# Python Data Structures

All programming languages have ways to store and recognize different types of data (numbers, text, etc.), along with the logical mechanisms that allow you to perform useful or interesting things on that data. Often times you'll need more complex ways to organize your program's data than having each item saved in a variable.

**Data structures** are schemes for how to organize your data in more efficient or effective ways. Python offers many different options, and the 'best' choice will highly depend on the task your program is performing.
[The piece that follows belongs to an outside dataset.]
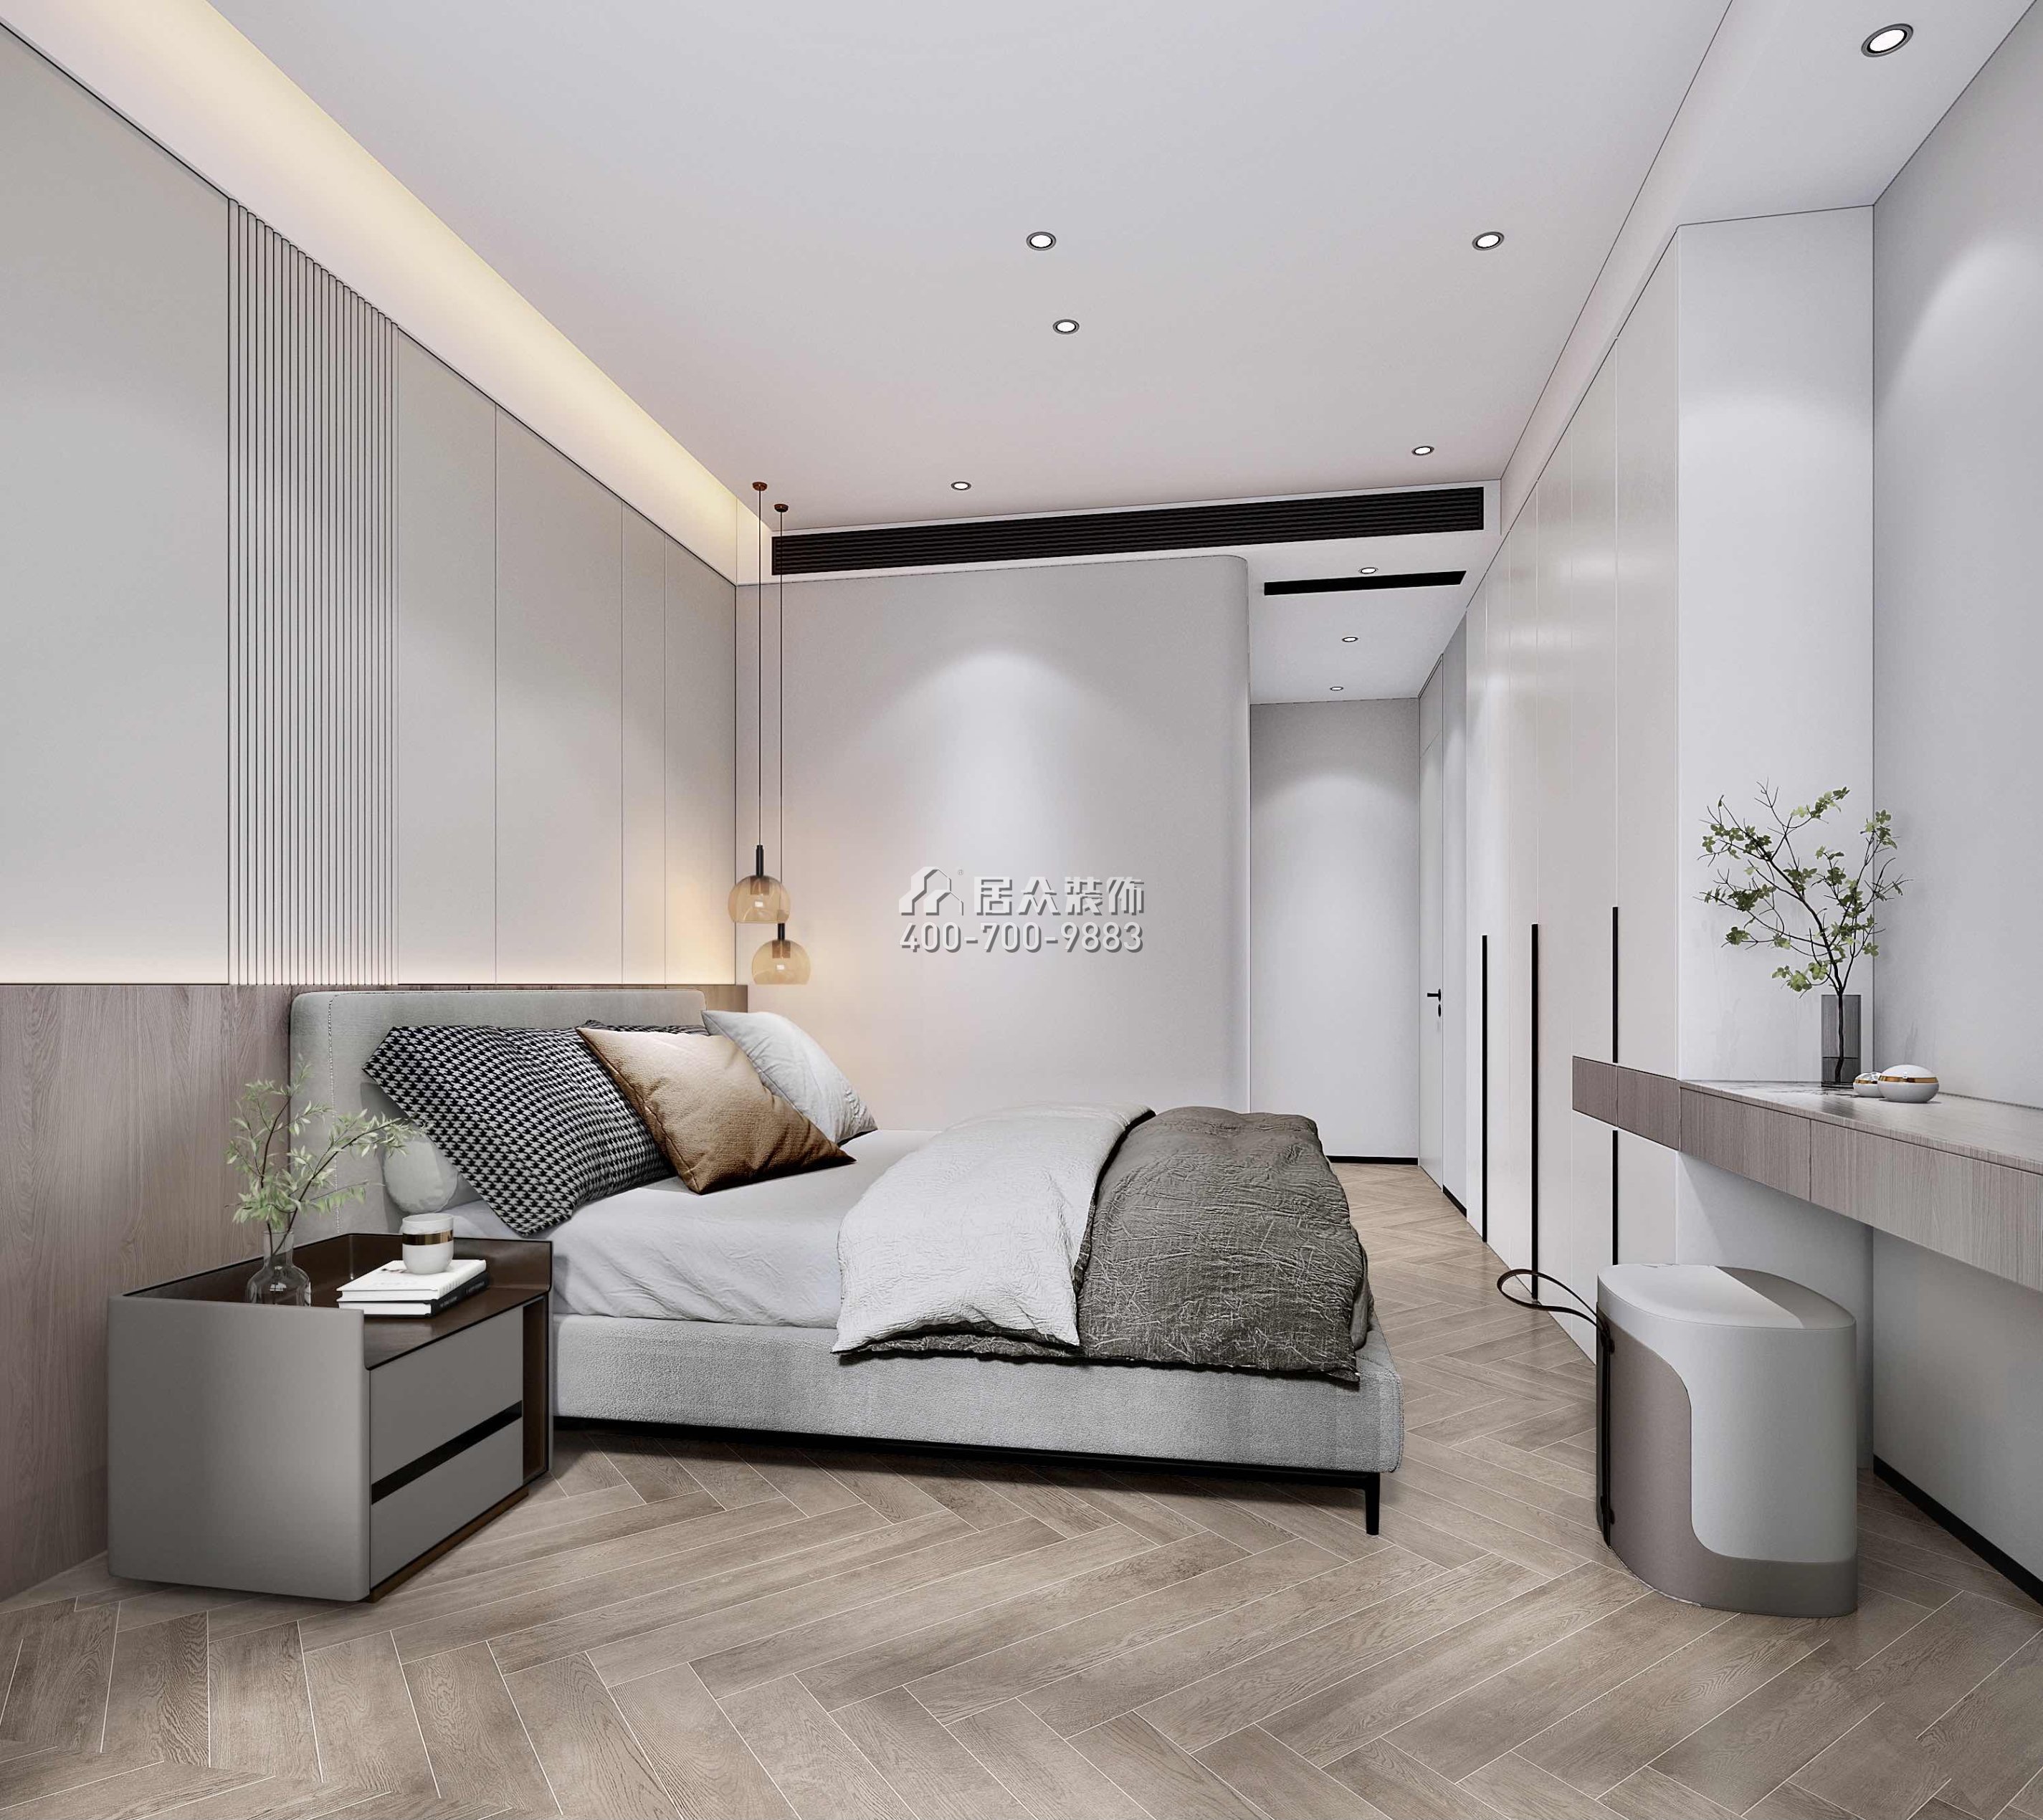 天健天骄南苑120平方米现代简约风格平层户型卧室装修效果图

Taking the time to think through your options can not only make your job of coding the program easier, but also optimize it to run faster and/or use less memory.

Table of Contents:

- <a href="#list">Lists</a>
- <a href="#sets">Sets</a>
- <a href="#frozsets">Frozen Sets</a>
- <a href="#comprehensions">Comprehensions</a>
- <a href="#arrays">numpy Arrays</a>


## <a name="lists"></a>Lists

In Python, a `list` is a collection of items with the following properties:

- It's *mutable*: you can change it after you've created it
- It's *ordered*: each item's 'address' is its index (aka it's position) in the list (note, this does not mean it's *sorted*, that's a different concept)
- Usually the items are all the same type (homogenous list), but they don't have to be (heterogenous list)

A list is what's called a sequence in Python, which means it's automatically iterable and items can be accessed using integer indices. 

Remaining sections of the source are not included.